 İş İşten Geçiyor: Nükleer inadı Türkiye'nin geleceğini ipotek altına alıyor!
★ ★ ★ ★ ★
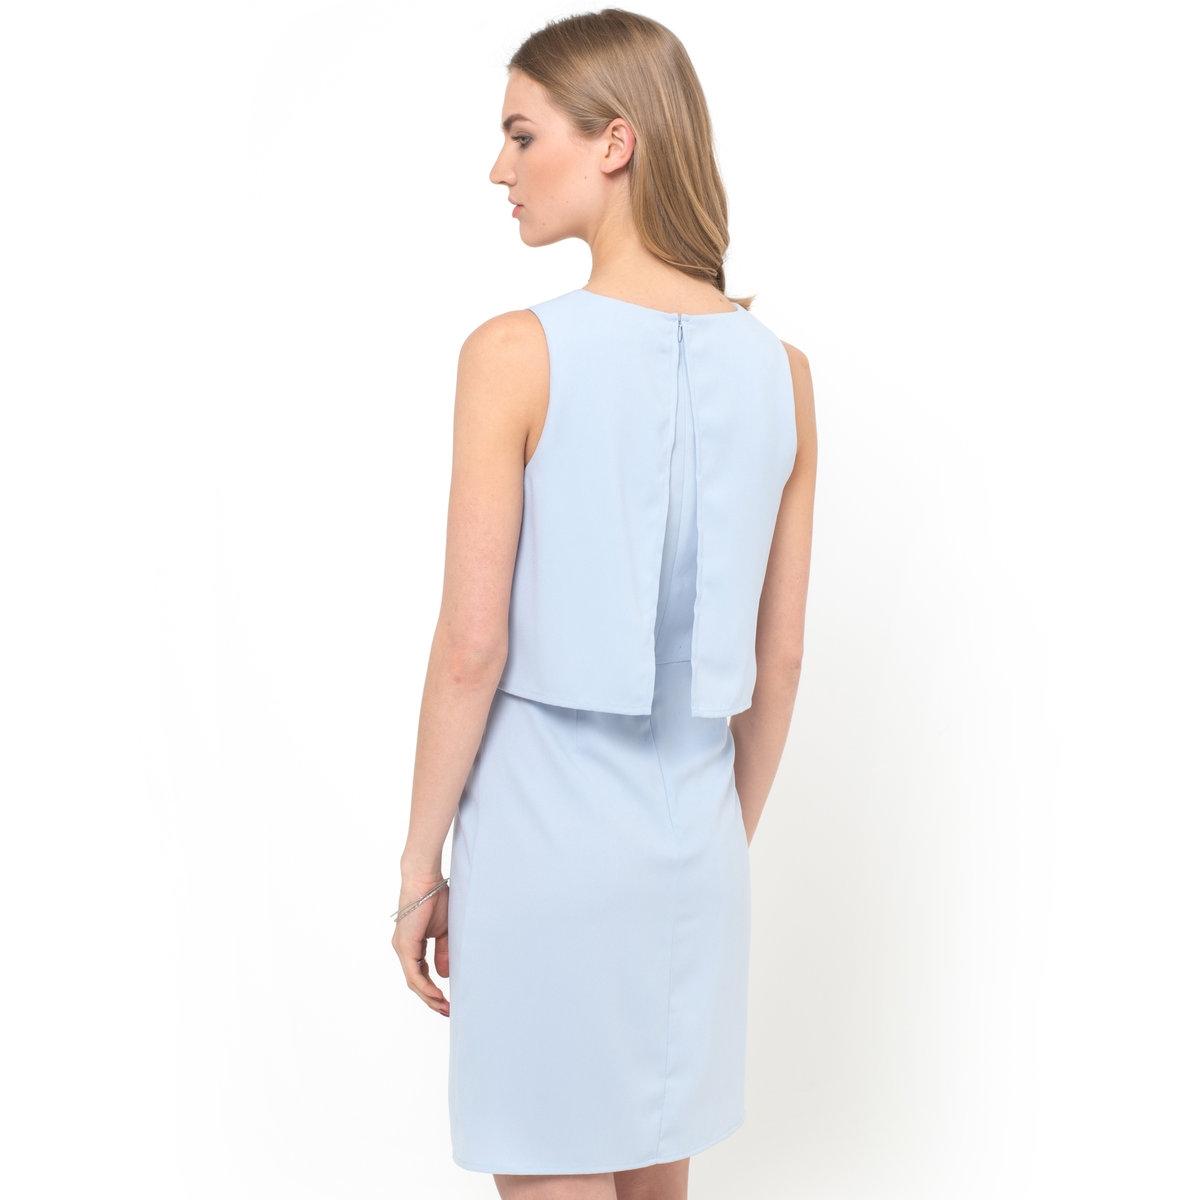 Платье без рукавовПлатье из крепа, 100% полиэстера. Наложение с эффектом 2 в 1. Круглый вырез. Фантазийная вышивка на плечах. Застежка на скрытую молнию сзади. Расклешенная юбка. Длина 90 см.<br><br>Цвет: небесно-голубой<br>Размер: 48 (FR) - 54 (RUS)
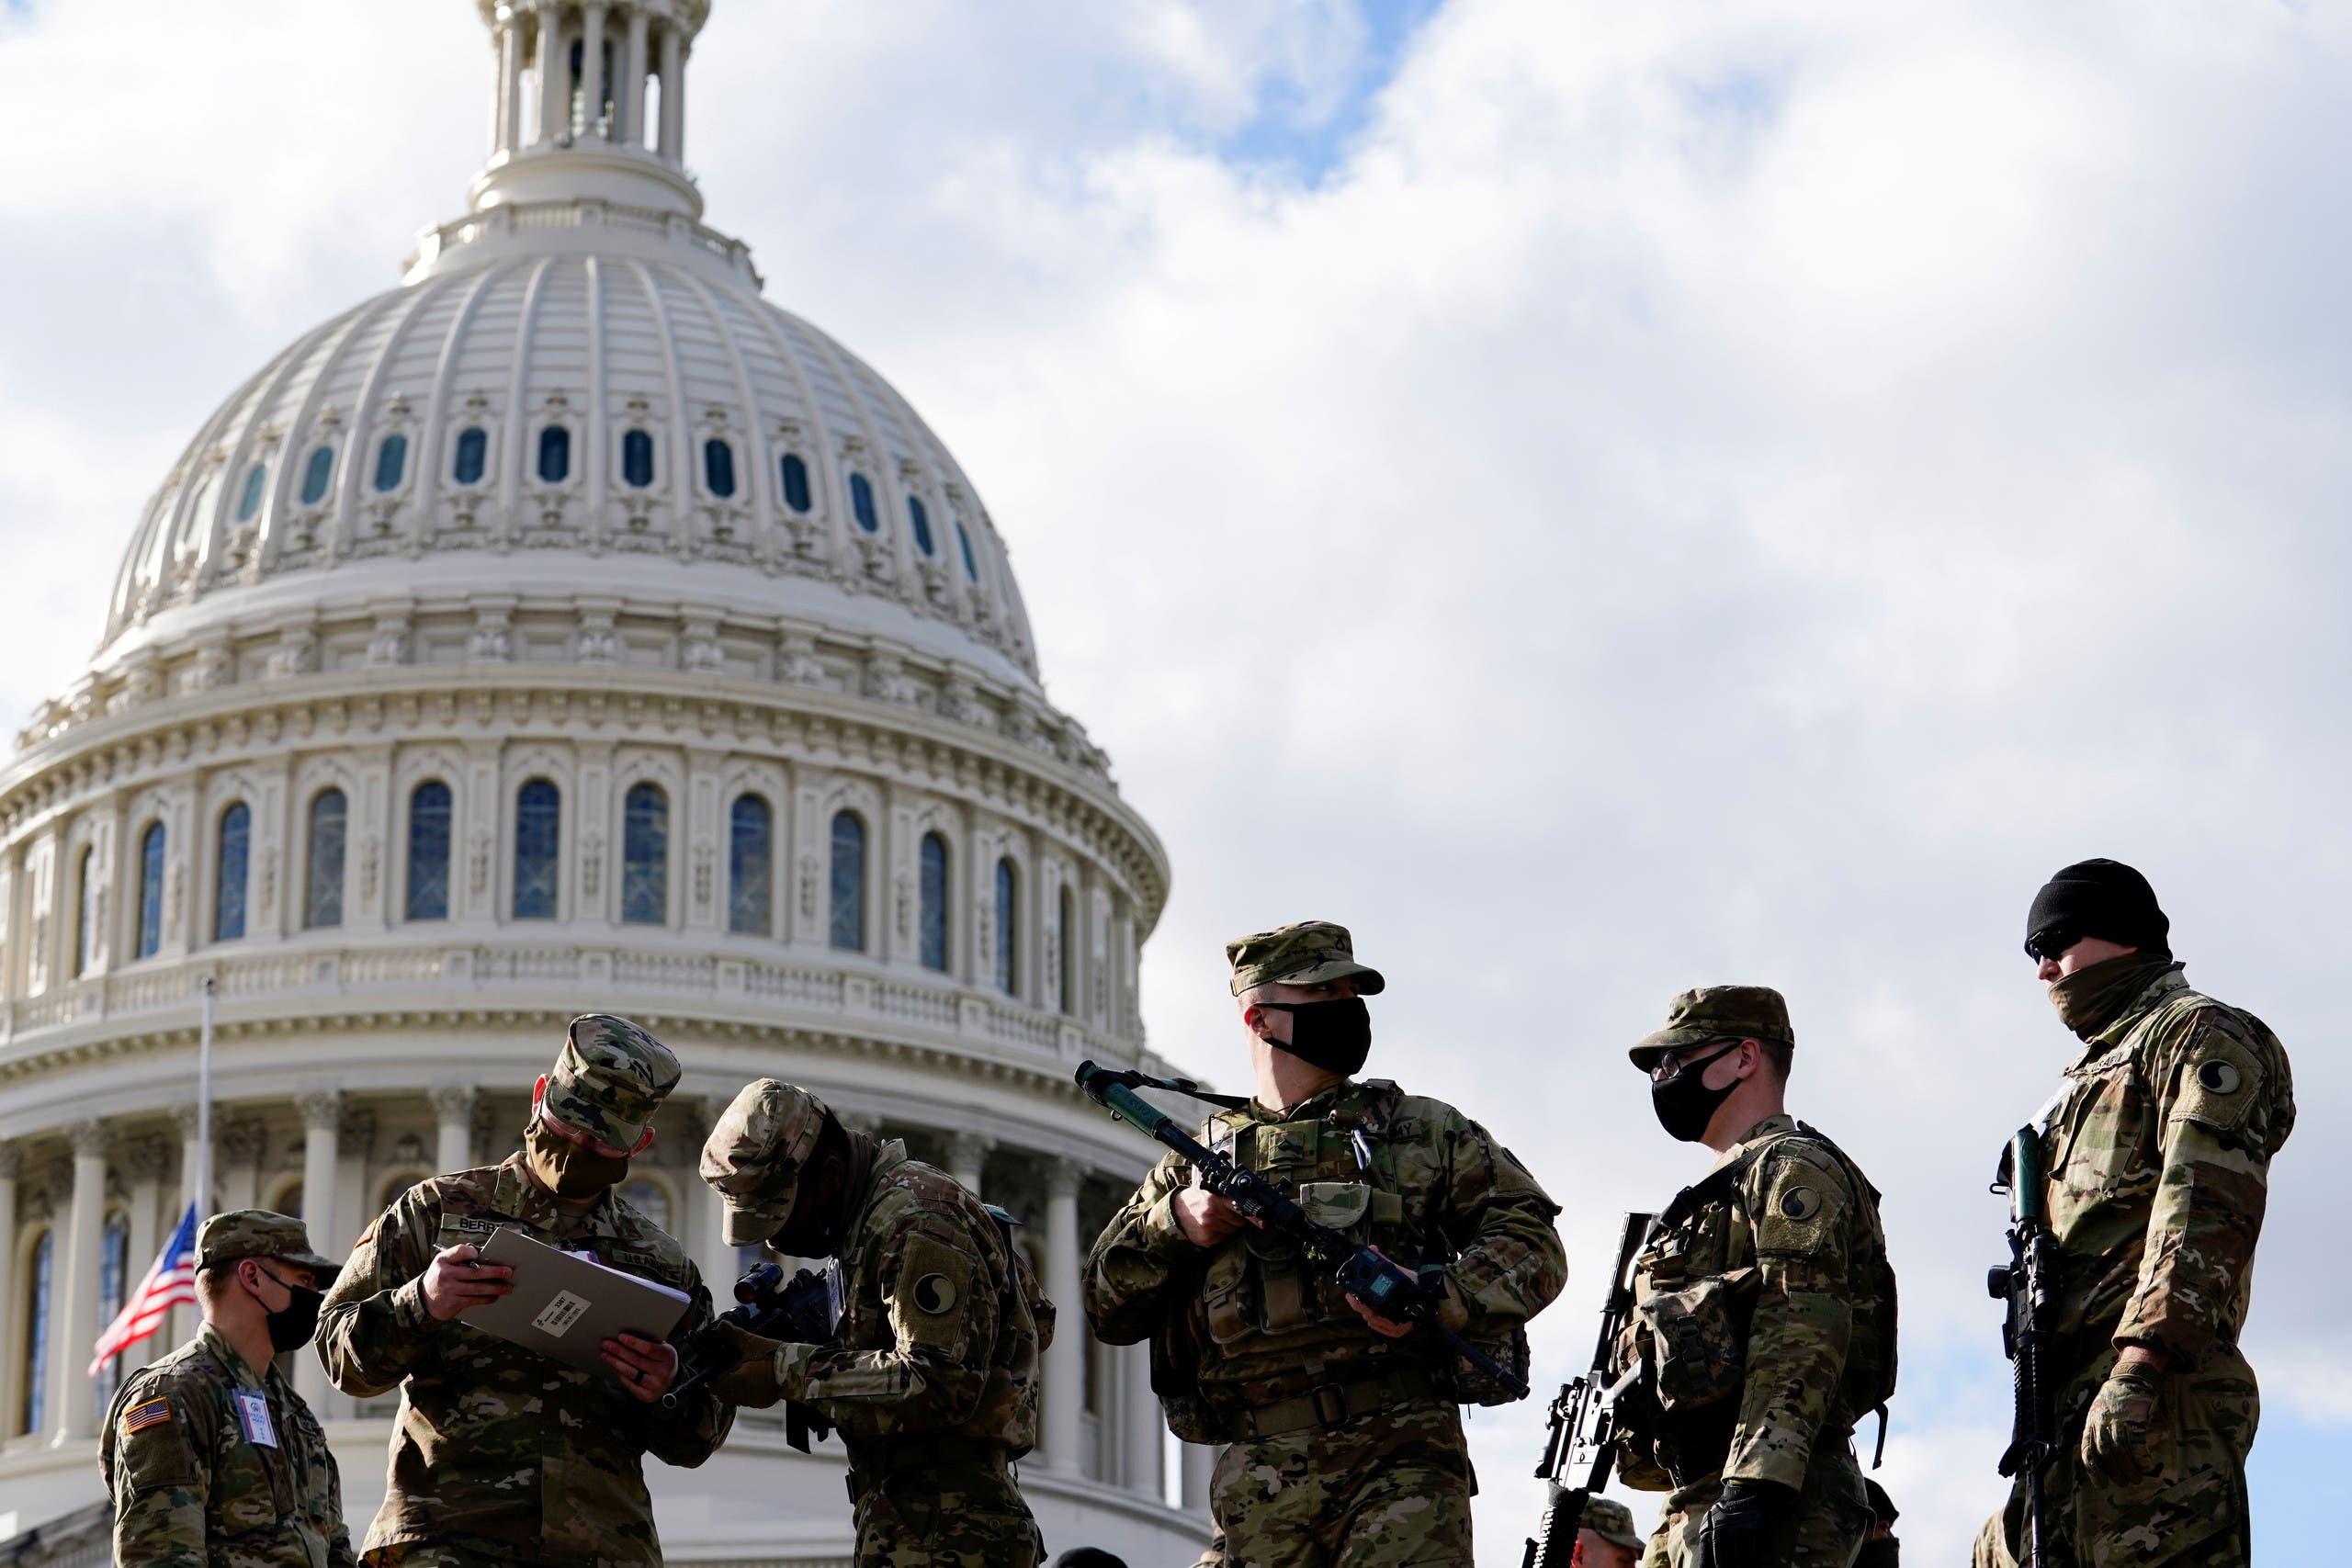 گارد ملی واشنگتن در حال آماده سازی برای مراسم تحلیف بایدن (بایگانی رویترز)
★ ★ ★ ★ ★
**What you will do:** Among the entries above, take the lines from the one with "Платье без рукавовПлатье" through the one with "گارد ملی واشنگتن" and retype them exactly, leaving out the pictures.

**Written reply:**
 Платье без рукавовПлатье из крепа, 100% полиэстера. Наложение с эффектом 2 в 1. Круглый вырез. Фантазийная вышивка на плечах. Застежка на скрытую молнию сзади. Расклешенная юбка. Длина 90 см.<br><br>Цвет: небесно-голубой<br>Размер: 48 (FR) - 54 (RUS)
 گارد ملی واشنگتن در حال آماده سازی برای مراسم تحلیف بایدن (بایگانی رویترز)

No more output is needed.